Beberapa jenis pemeriksaan serologi kusta yang banyak digunakan, antara
lain:
A. Uji FLA-ABS (Fluorescent leprosy Antibodi-Absorption test)
Uji ini menggunakan antigen bakteri M. leprae secara utuh yang telah
dilabel dengan zat fluoresensi. Hasil uji ini memberikan sensitivitas
yang tinggi namun spesivisitasnya agak kurang karena adanya reaksi
silang dengan antigen dari mikrobakteri lain.
B. Radio Immunoassay (RIA)
Uji ini menggunakan antigen dari M. leprae yang dibiakkan dalam
tubuh Armadillo yang diberi label radio aktif. 34
C. Uji MLPA (Mycobacterium leprae particle agglutination)
Uji ini berdasarkan reaksi aglutinasi antara antigen sintetik PGL-1
dengan antibodi dalam serum. Uji MLPA merupakan uji yang praktis
untuk dilakukan di lapangan, terutama untuk keperluan skrining kasus
seropositif.
D. Antibodi monoklonal (Mab) epitop MLO4 dari protein 35-kDa
M.leprae menggunakan M. leprae sonicate (MLS) yang spesifik dan
sensitif untuk serodiagnosis kusta. Protein 35-kDa M. leprae adalah
suatu target spesifik dan yang utama dari respon imun seluler terhadap
M. leprae, merangsang proliferasi sel T dan sekresi interferon gamma
pada pasien kusta dan kontak.
E. Uji ELISA (Enzyme Linked Immuno-Assay)
Uji ELISA pertama kali digunakan dalam bidang imunologi untuk
menganalisis interaksi antara antigen dan antibodi di dalam suatu
sampel, dimana interaksi tersebut ditandai dengan menggunakan suatu
enzim yang berfungsi sebagai penanda.
Dalam perkembangan selanjutnya, selain digunakan sebagai uji
kualitatif untuk mengetahui keberadaan suatu antibodi atau antigen
dengan menggunakan antibodi atau antigen spesifik, teknik ELISA juga
dapat diaplikasikan dalam uji kuantitatif untuk mengukur kadar
antibodi atau antigen yang diuji dengan menggunakan alat bantu berupa
spektrofotometer.
Prinsip uji ELISA adalah mengukur banyaknya ikatan antigen antibodi
yang terbentuk dengan diberi label (biasanya berupa enzim) pada ikatan
tersebut, selanjutnya terjadi perubahan warna yang dapat diukur dengan
spektrofotometer dengan panjang gelombang tertentu. Pemeriksaan ini
umumnya menggunakan plat mikro untuk tempat terjadinya reaksi.
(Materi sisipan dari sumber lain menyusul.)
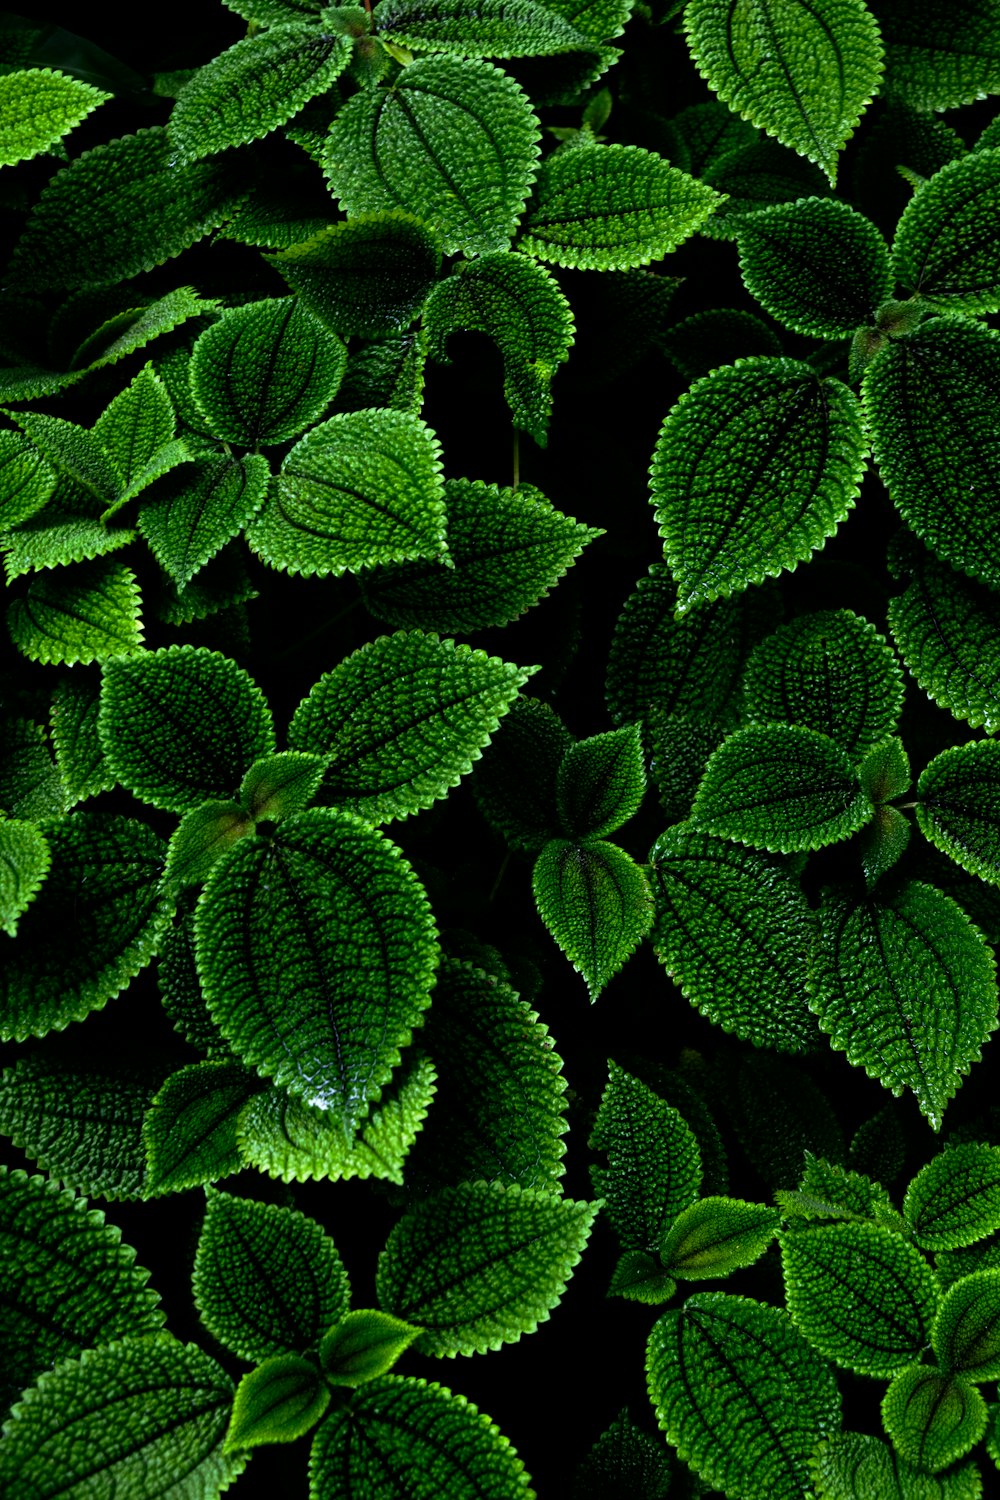 un gruppo di foglie verdi

Terdapat tiga metode ELISA, antara lain:
A. Direct ELISA
Pada direct ELISA, antigen melekat pada fase solid dan bereaksi
dengan antibodi sekunder yang dilabel enzim, kemudian
ditambahkan substrat sehingga terjadi perubahan warna yang dapat
diukur dengan spektrofotometer.
Pada penelitian ini akan menggunakan metode indirect ELISA
untuk mengukur kadar antibodi IgM anti PGL-1 pada penderita
kusta. Salah satu keuntungan dari uji ELISA adalah sensitif karena
dapat mendeteksi dari level 0,01 μg/ml.